▸ Assignment
Your job with the data below is to output exactly the lines from the one holding "Gligoric Advances In" down to the one holding "Ikea candles", both included, and no others.

▸ Records provided
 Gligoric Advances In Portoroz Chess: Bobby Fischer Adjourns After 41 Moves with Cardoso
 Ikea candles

--

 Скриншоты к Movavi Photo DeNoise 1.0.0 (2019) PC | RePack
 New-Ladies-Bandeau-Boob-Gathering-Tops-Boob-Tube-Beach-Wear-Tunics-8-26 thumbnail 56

---

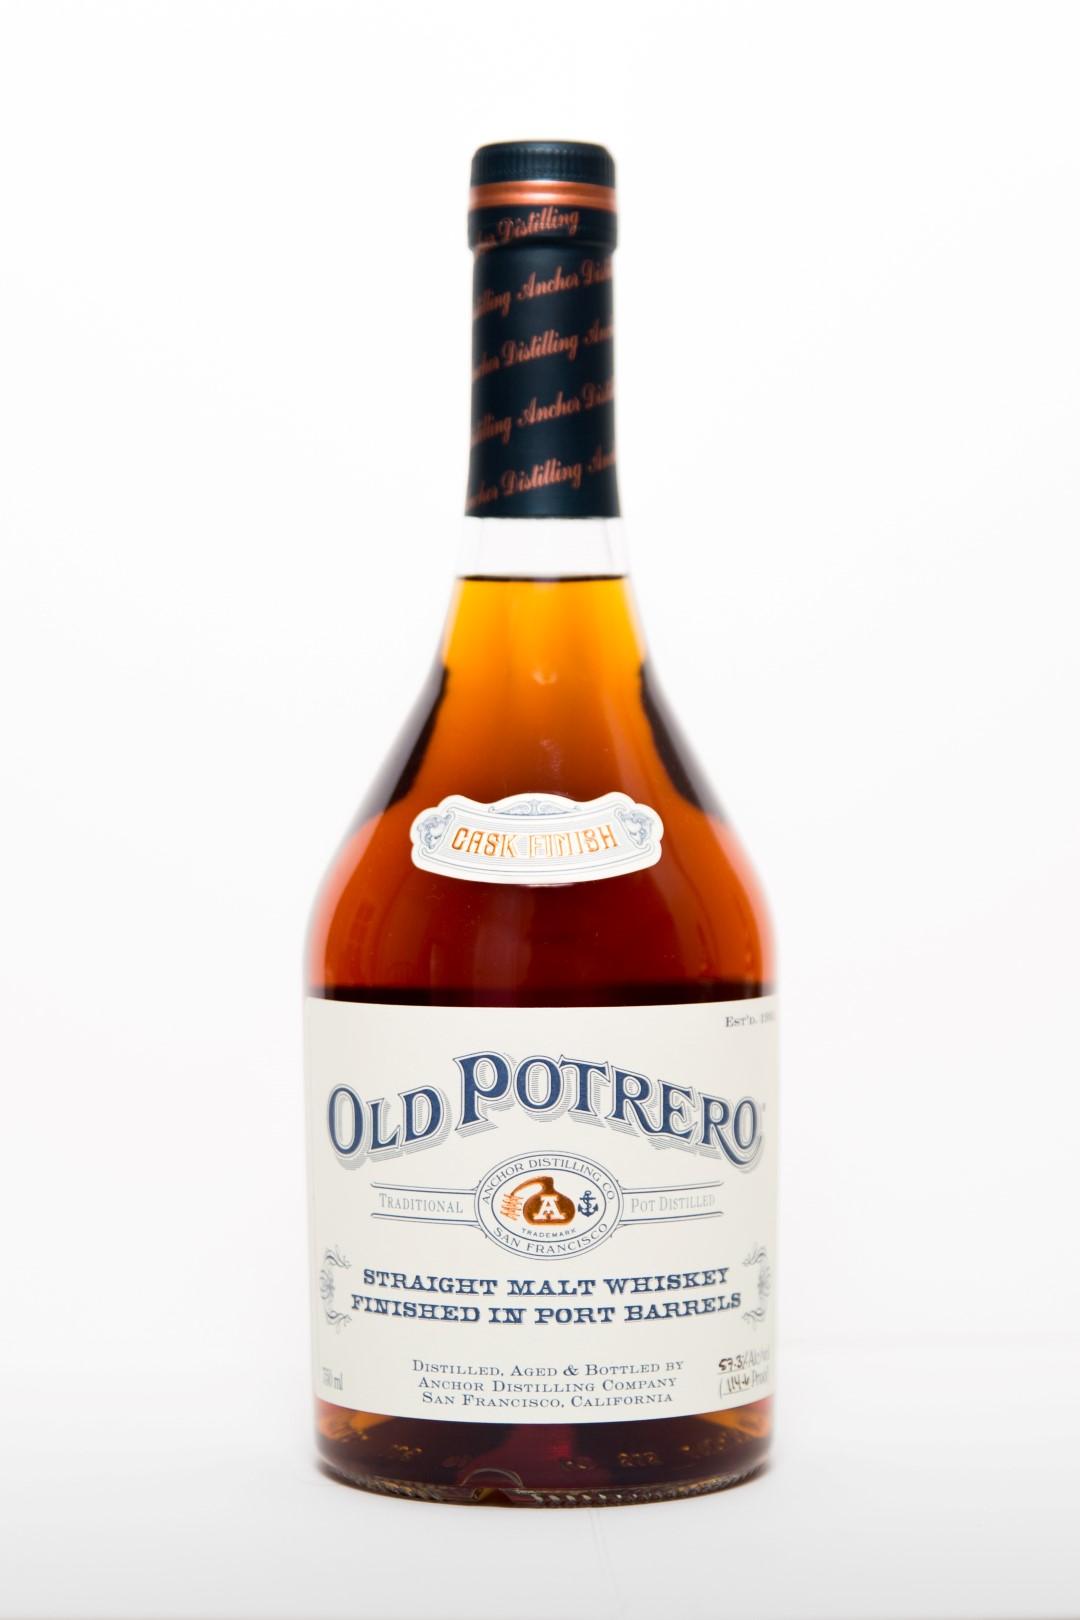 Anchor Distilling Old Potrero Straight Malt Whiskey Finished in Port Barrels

▸ Written answer
 Gligoric Advances In Portoroz Chess: Bobby Fischer Adjourns After 41 Moves with Cardoso
 Ikea candles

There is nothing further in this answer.